Раньше такое было терпимо. Но когда Евросообщество оказалось в фазе системного финансово-экономического кризиса с туманными геополитическими перспективами, Москва и Анкара стали искать поиска собственные референции с учётом долговременных стратегических задач. Не случайно западное экспертное сообщество стало уделять повышенное внимание проблемам формирования новой «архитектуры» в Евразии. «Вся Евразия сегодня – главная арена глобальной политики,- пишет, к примеру, известный американский аналитик Збигнев Бжезинский. - Это - также континент, суперконтинент, на котором региональные конфликты имеют глобальное значение... и потенциал для значительного расширения. Результатом конфликтов может стать дестабилизация всей Евразии».

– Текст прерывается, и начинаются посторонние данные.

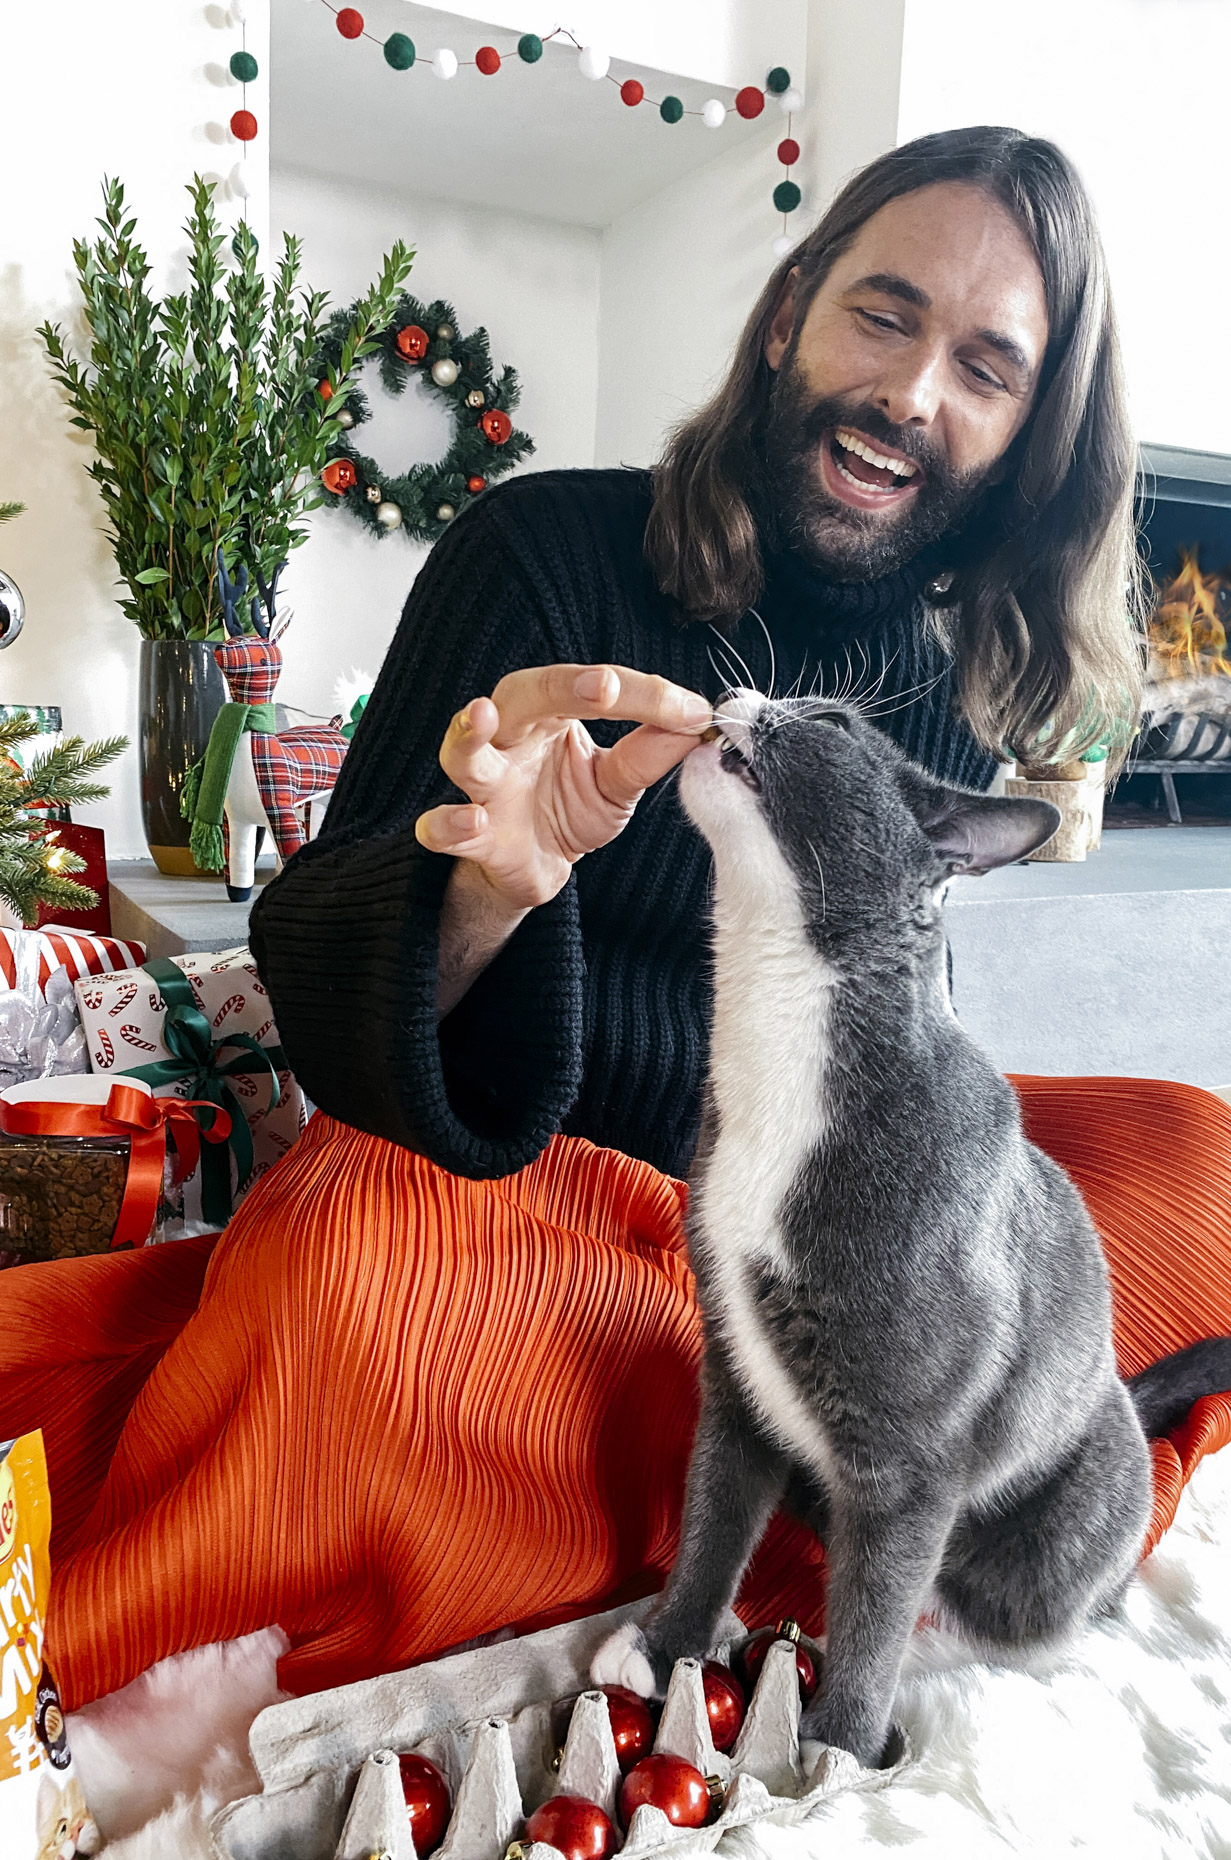 Jonathan Van Ness feeding cat Purina treat at Christmas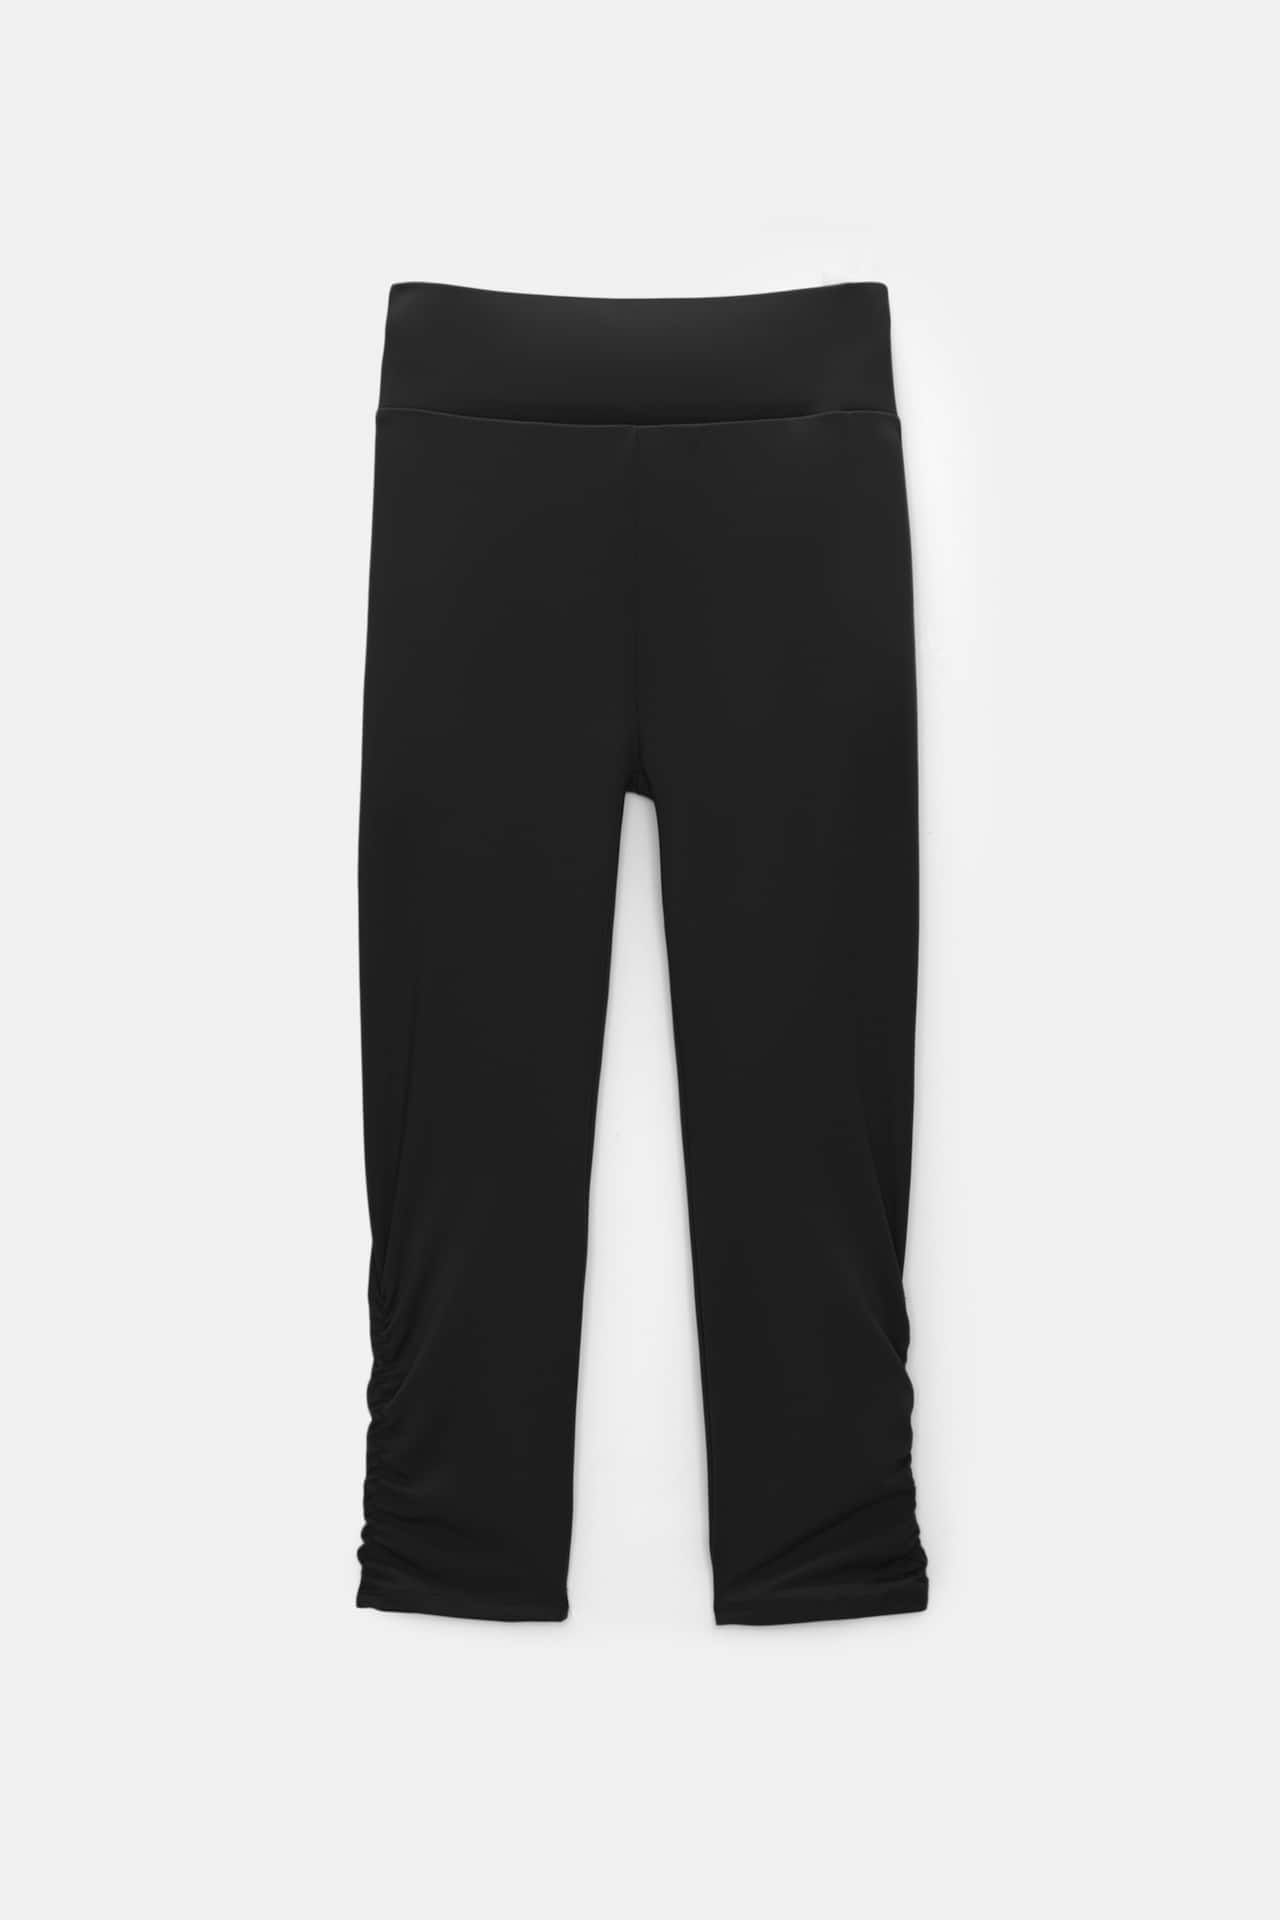 Capri leggings with gathered detail | PULL and BEAR UK

А если сотрудничество, имея в виду не только российскую часть Евразии, а более широкое её определение? Тем более, что в настоящее время главные события происходят в южной части континента, на Ближнем Востоке, где реальными выглядят сценарии перекраивания существующих границ и развал хозяйственно-экономических коммуникационных систем. К тому же на политическую сцену , правда, с некоторым хронологическим зазором выброшено сразу два геополитических проекта - доктрина неоосманизма, предложенная Анкарой, которая предусматривает восстановление роли Турции в пределах границ бывшей Османской империи, и российский проект формирования Евразийского экономического союза, правда, пока с неясными географическими очертаниями.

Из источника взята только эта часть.